6. Menemukan model penampilan peranan pemimpin informal dalam menggerakkan partisipasi masyarakat dalam pembangunan desa. 7. Mendapatkan bahan atau masukan bagi penetapan kebijakan penyuluhan di pedesaan, dalam meningkatkan pengetahuan dan kemampuan pemimpin informal meng gerakkan partisipasi masyarakat untuk pembangunan desa.

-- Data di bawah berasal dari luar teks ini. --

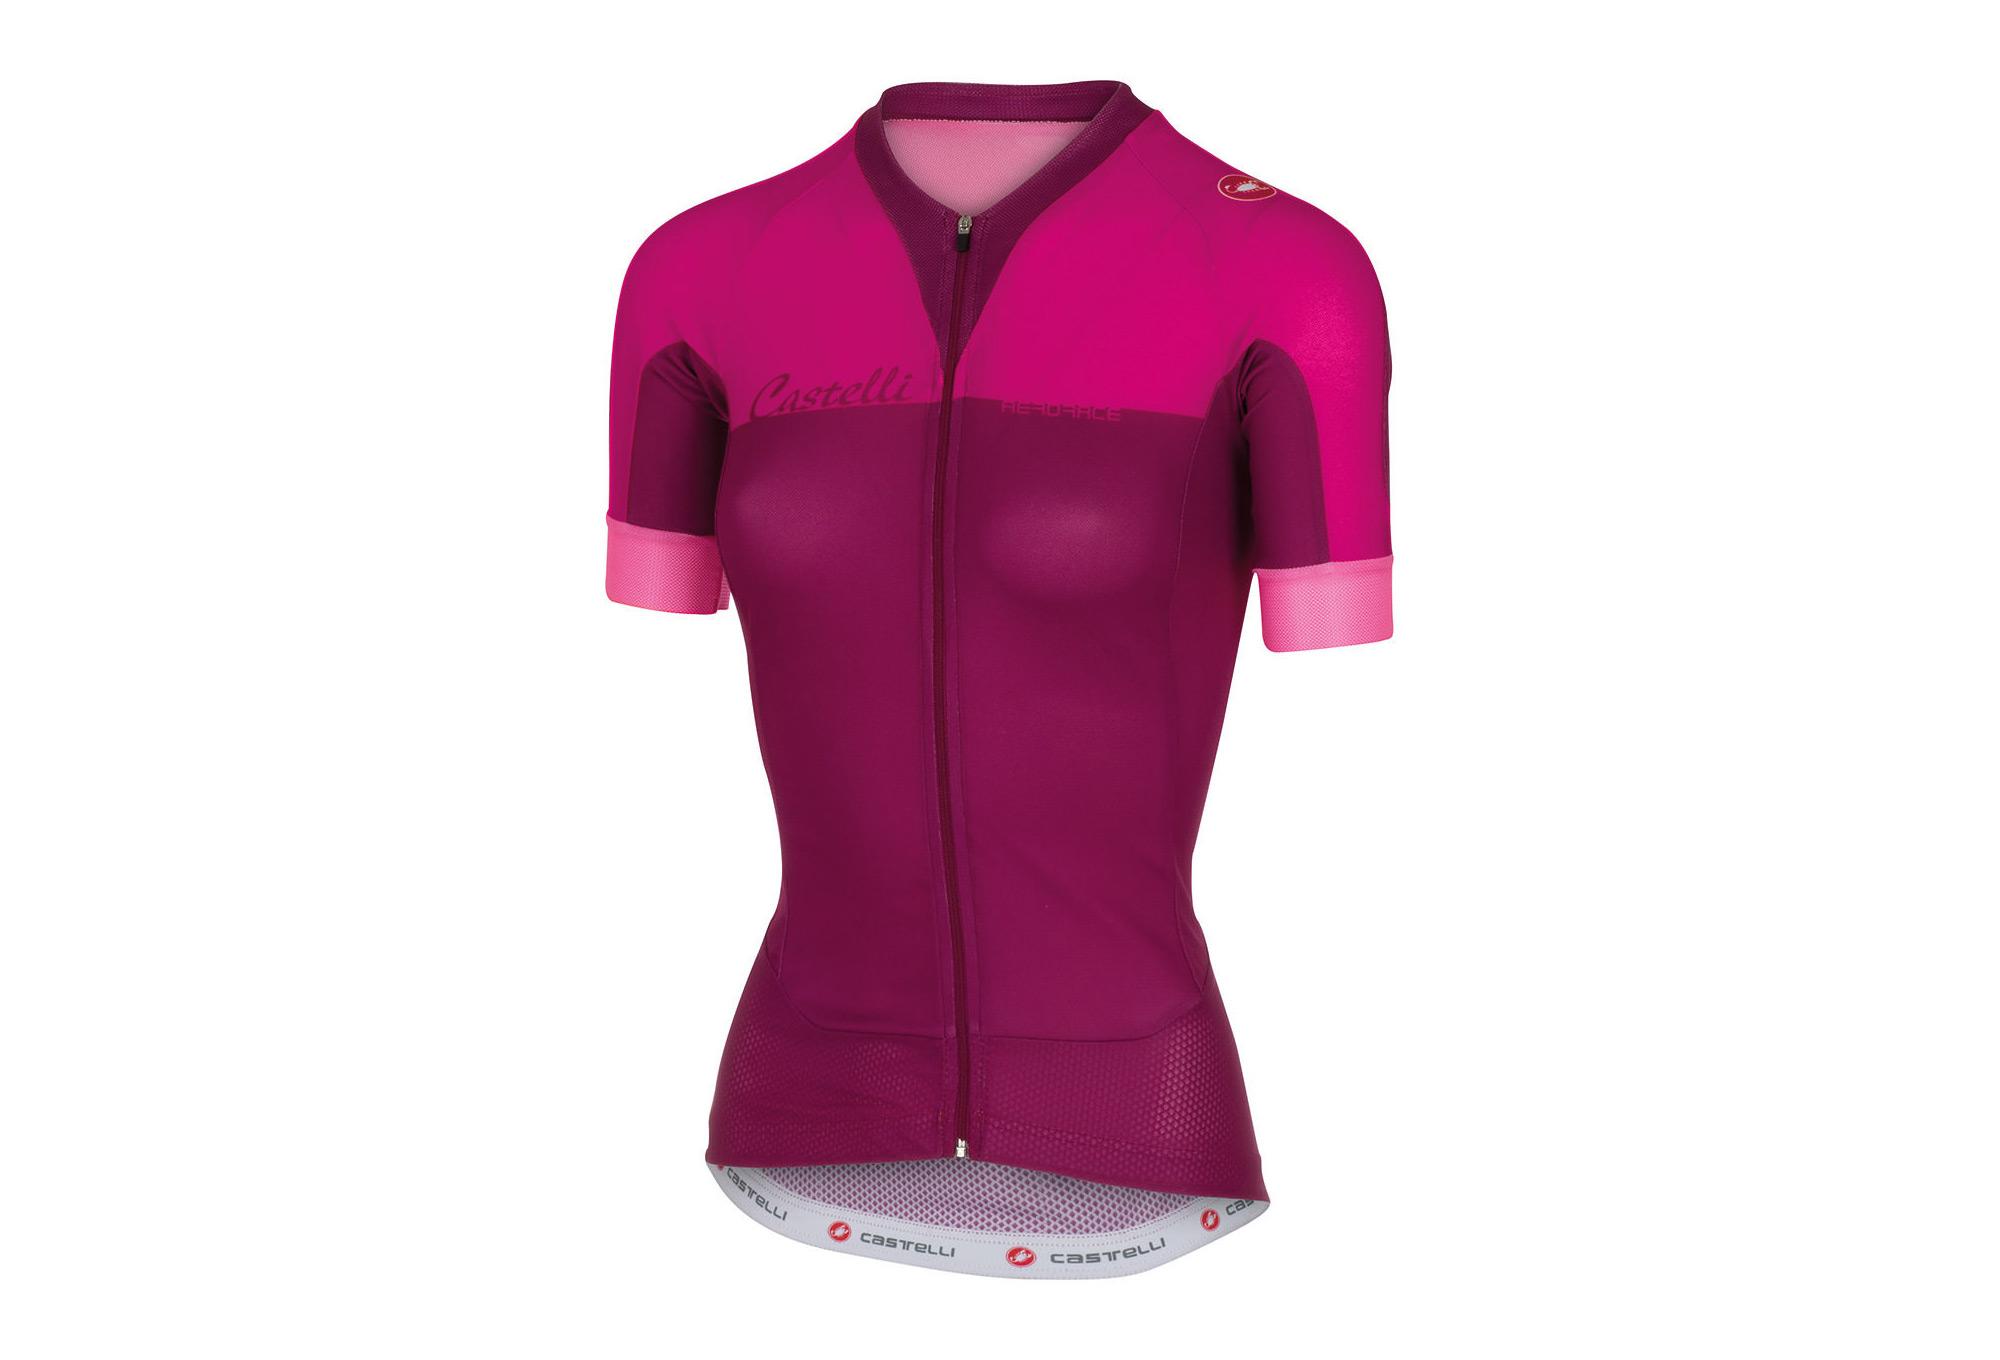 aeacfbc2d CASTELLI AERO RACE Woman Short Sleeves Jersey Pink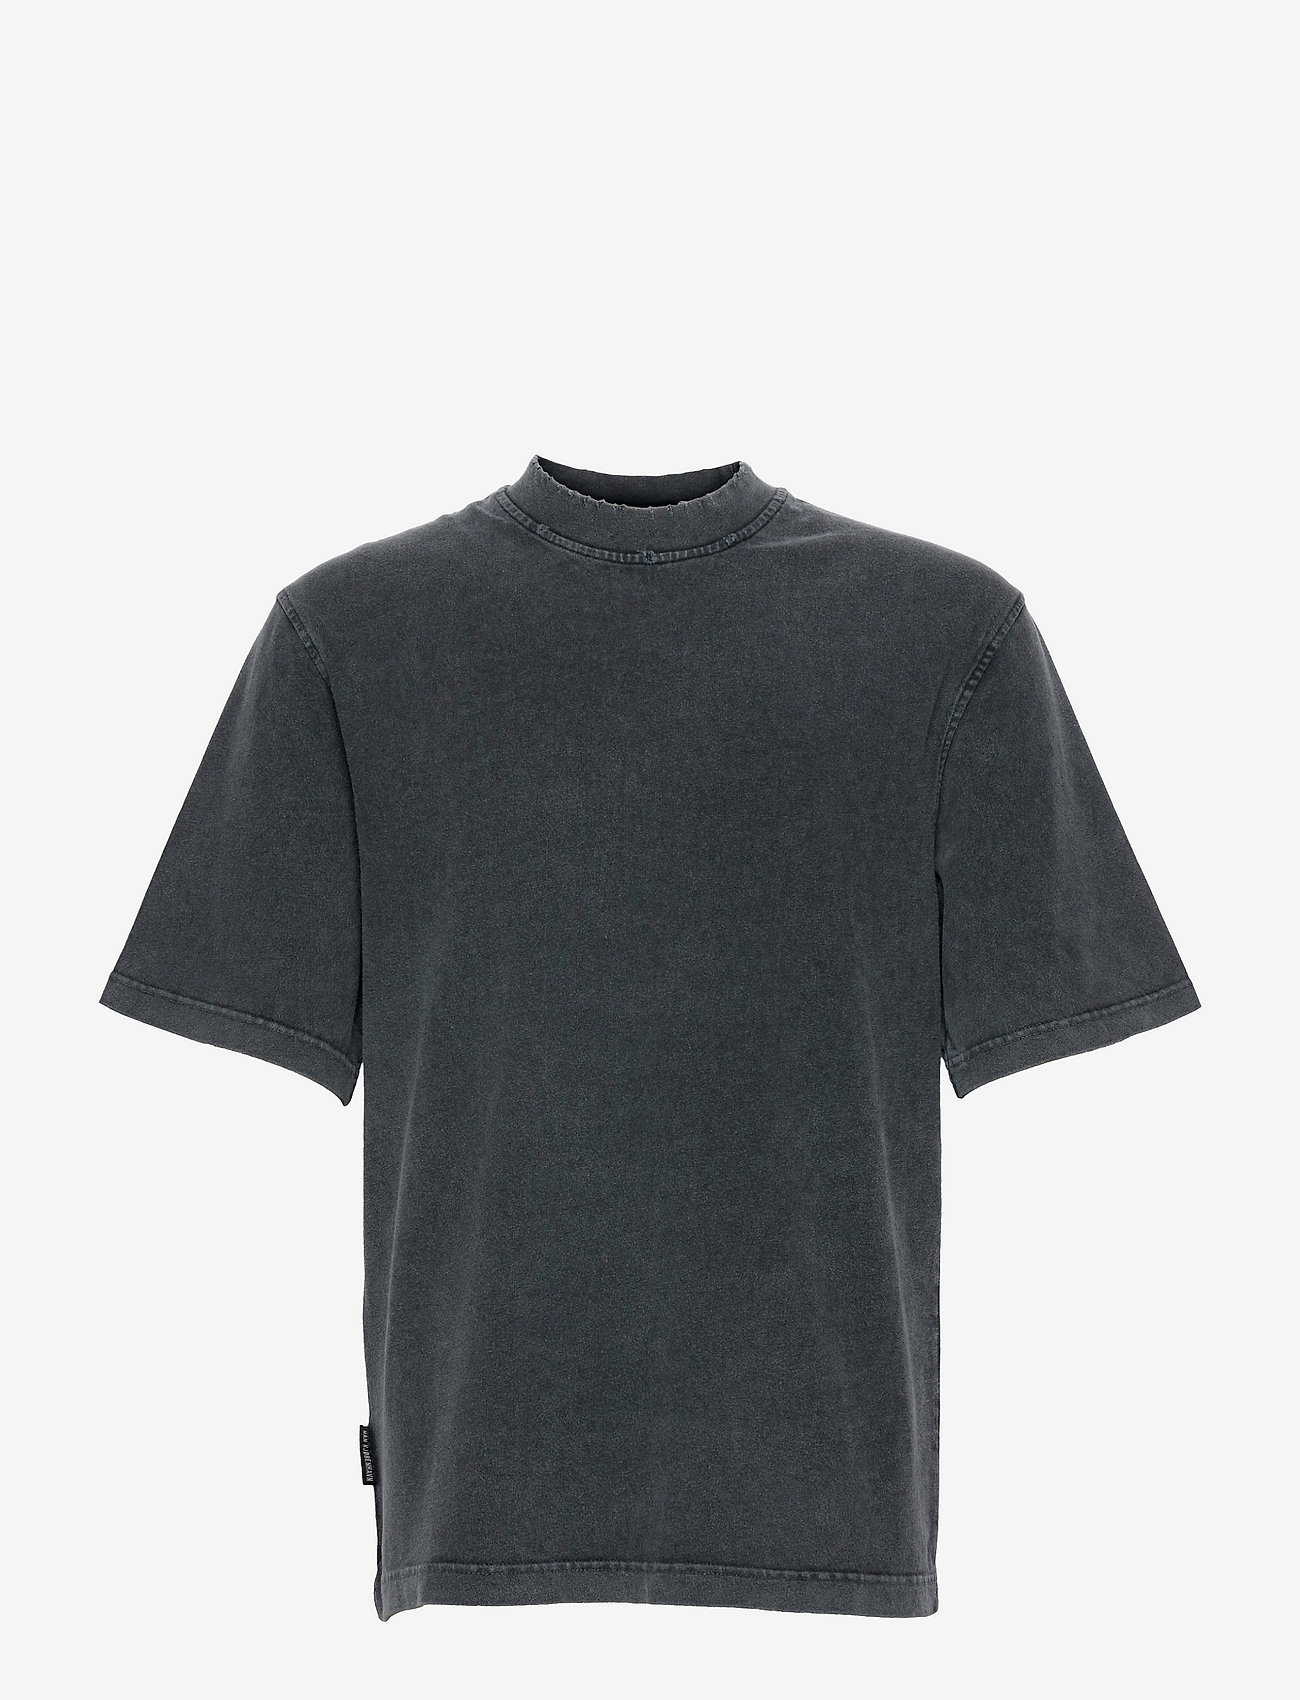 HAN Kjøbenhavn - Distressed Tee Short Sleeve - basic t-shirts - distressed dark grey - 0

Kegunaan Hasil Penelitian Penelitian ini dilakukan dengan harapan agar dapat berguna dalam bidang: 1. Penyuluhan pembangunan: Hasil penelitian dapat memberi masukan dalam menyusun strategi penyuluhan yang lebih efektip terhadap pemimpin informal di pedesaan. 2. Pengembangan ilmu: Hasil penelitian ini dapat dijadikan bahan bagi pengembangan ilmu kepemimpinan, khususnya dalam meningkatkan kualitas pernimpin pada suatu komunitas yang sedang melakukan pembaharuan atau pembangunan. 3. Pemerintahan: Sebagai bahan masukan bagi penentu kebijakan pembangunan desa, terutama pembangunan yang berorientasi pada upaya meningkatkan gerakan bangun diri secara swadaya pada masyarakat.